Pooled analysis of a self-sampling HPV DNA Test as a cervical cancer primary screening method

Abstract

Background: Worldwide, one-seventh of cervical cancers occur in China, which lacks a national screening program. By evaluating the diagnostic accuracy of self-collected cervicovaginal specimens tested for human papillomavirus (HPV) DNA (Self-HPV testing) in China, we sought to determine whether Self-HPV testing may serve as a primary cervical cancer screening method in low-resource settings.

Methods: We compiled individual patient data from five population-based cervical cancer-screening studies in China. Participants (n = 13 140) received Self-HPV testing, physician-collected cervical specimens for HPV testing (Physician-HPV testing), liquid-based cytology (LBC), and visual inspection with acetic acid (VIA). Screen-positive women underwent colposcopy and confirmatory biopsy. We analyzed the accuracies of pooled Self-HPV testing, Physician-HPV testing, VIA, and LBC to detect biopsy-confirmed cervical intraepithelial neoplasia grade 2 or more severe (CIN2+) and CIN3+. All statistical tests were two-sided.

Results: Of 13 004 women included in the analysis, 507 (3.9%) were diagnosed as CIN2+, 273 (2.1%) as CIN3+, and 37 (0.3%) with cervical cancer. Self-HPV testing had 86.2% sensitivity and 80.7% specificity for detecting CIN2+ and 86.1% sensitivity and 79.5% specificity for detecting CIN3+. VIA had statistically significantly lower sensitivity for detecting CIN2+ (50.3%) and CIN3+ (55.7%) and higher specificity for detecting CIN2+ (87.4%) and CIN3+ (86.9%) (all P values < .001) than Self-HPV testing, LBC had lower sensitivity for detecting CIN2+ (80.7%, P = .015), similar sensitivity for detecting CIN3+ (89.0%, P = .341), and higher specificity for detecting CIN2+ (94.0%, P < .001) and CIN3+ (92.8%, P < .001) than Self-HPV testing. Physician-HPV testing was more sensitive for detecting CIN2+ (97.0%) and CIN3+ (97.8%) but similarly specific for detecting CIN2+ (82.7%) and CIN3+ (81.3%) (all P values <.001) than Self-HPV testing.

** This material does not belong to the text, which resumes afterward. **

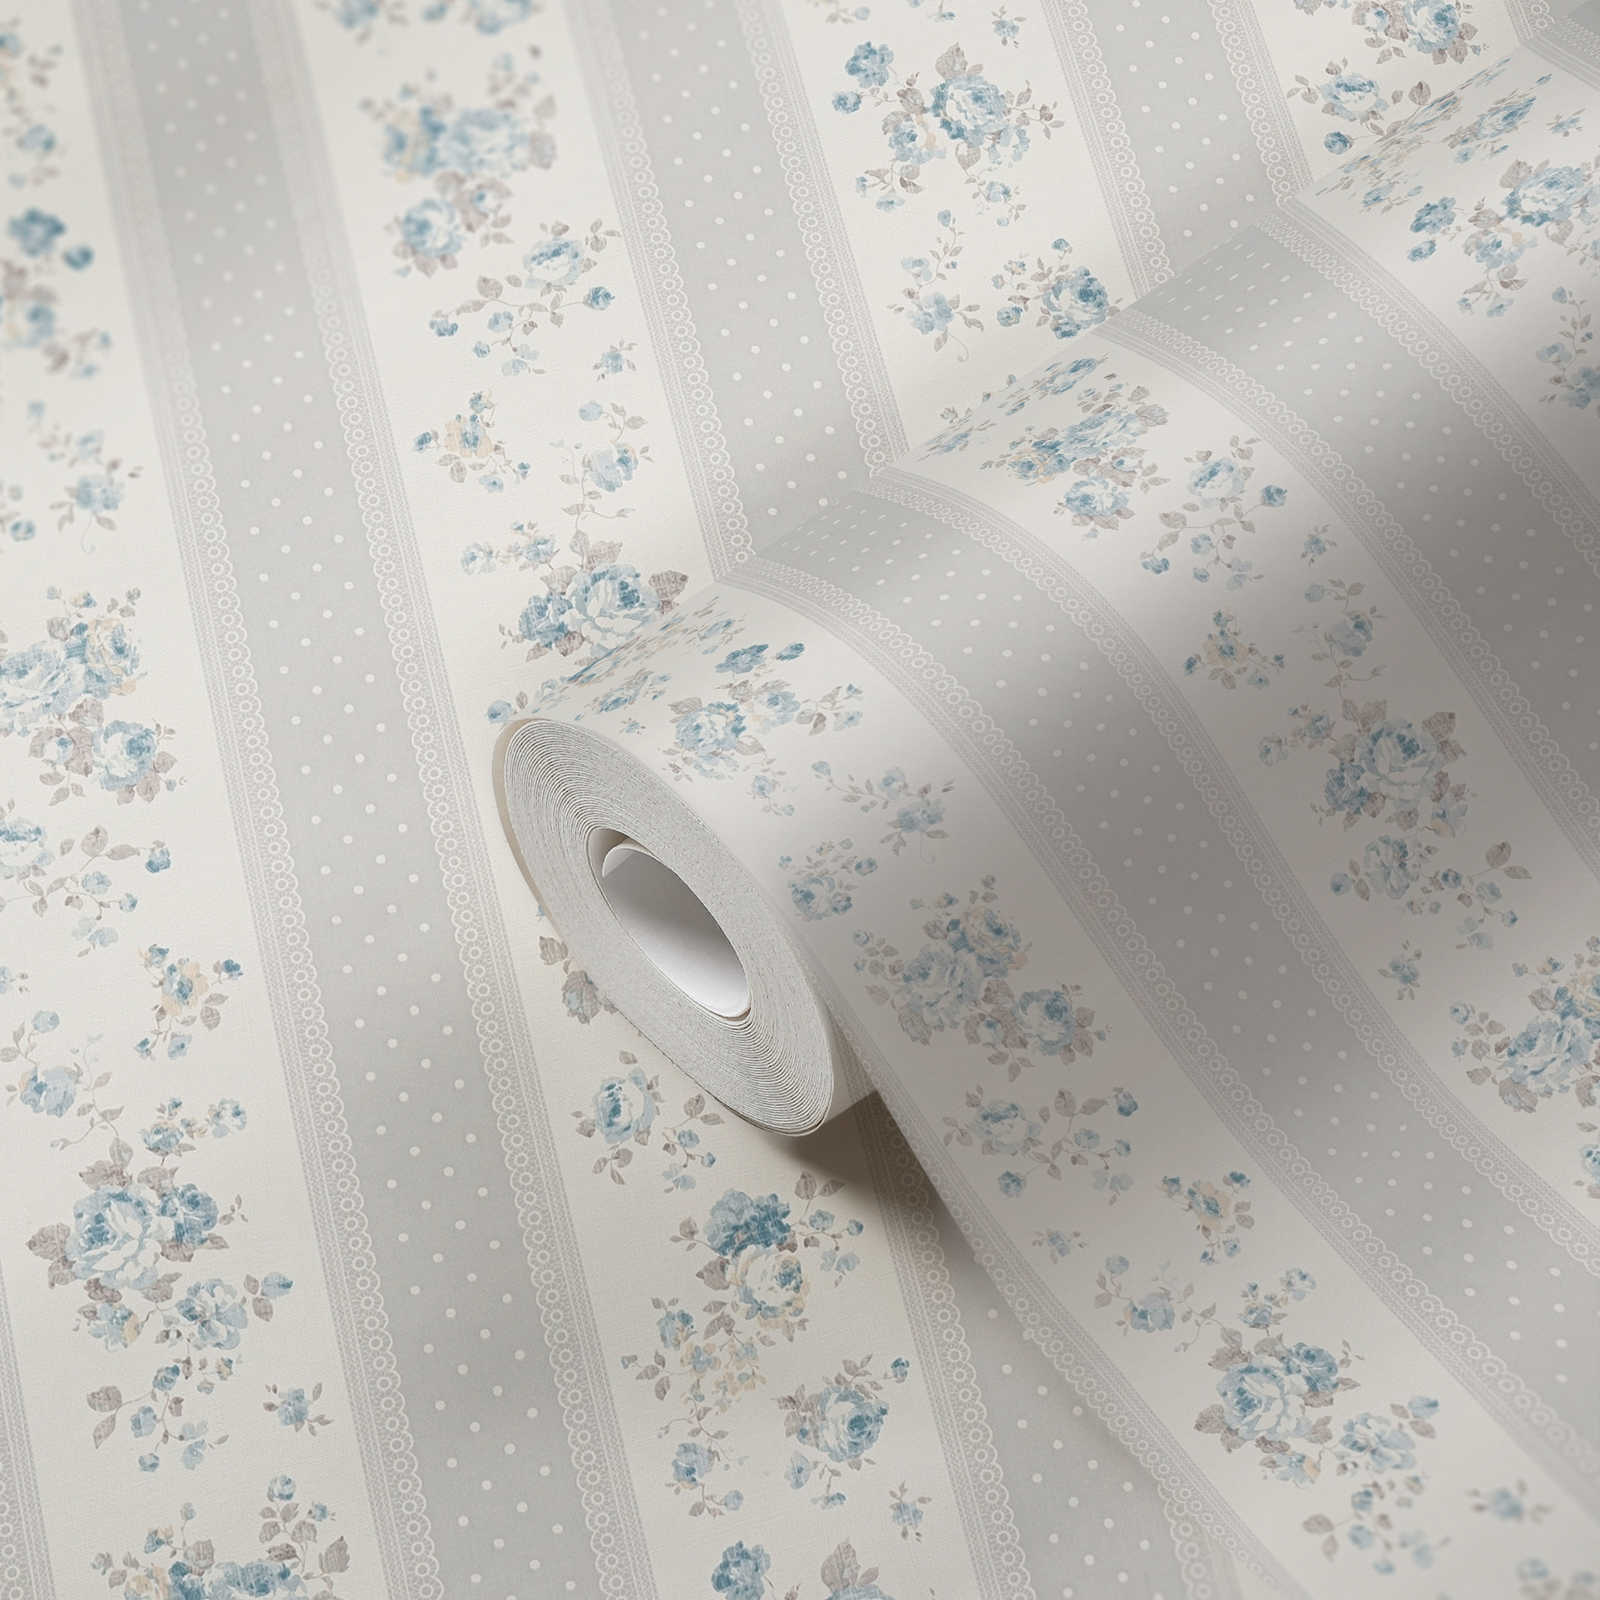             Carta da parati in tessuto non tessuto a righe punteggiate e floreali - grigio, bianco, blu

Conclusions: The sensitivity of Self-HPV testing compared favorably with that of LBC and was superior to the sensitivity of VIA. Self-HPV testing may complement current screening programs by increasing population coverage in settings that do not have easy access to comprehensive cytology-based screening.

Figure 1

Flow chart of inclusion and exclusion criteria of the study sample. ASC-US = atypical squamous cell of undetermined significance; LBC = liquid-based cytology; LSIL+ = low-grade squamous intraepithelial lesion or more severe; HPV = human papillomavirus; Physician-HPV, physician-collected cervical specimens for HPV testing; Self-HPV = self-collected cervicovaginal specimens tested by HPV DNA testing; VIA = visual inspection with acetic acid.

Figure 2

Forest plots of pooled and individual study sensitivities and specificities of self-collected cervicovaginal specimens tested by HPV DNA testing (Self-HPV) for the detection of CIN2+ (A) and CIN3+ (B) (HPV DNA positivity: RLU/CO ≥ 1 pg/mL). The point estimate of each study was represented by a square, whose size corresponded to the weight of the study in the pooled analysis. A horizontal line represents the 95% confidence interval. The overall estimate was presented at the bottom of the forest plots, represented as a diamond. Two vertical lines around the diamond represent the confidence interval of the overall estimate. CI = confidence interval; CIN2+ = cervical intraepithelial neoplasia grade 2 or more severe; CIN3+ = cervical intraepithelial neoplasia grade 3 or more severe; HPV = human papillomavirus; RLU/CO = relative light units per cutoff; SPOCCS = Shanxi Province Cervical Cancer Screening Study.

Figure 3

ROC curves of self-collected cervicovaginal specimens tested by HPV DNA testing (Self-HPV) for the detection of CIN2+ and CIN3+. Solid lines represent detection of CIN2+; dotted lines represent detection of CIN3+. CIN2+ = cervical intraepithelial neoplasia grade 2 or more severe; CIN3+ = cervical intraepithelial neoplasia grade 3 or more severe; HPV = human papillomavirus; ROC = receiver operating characteristic.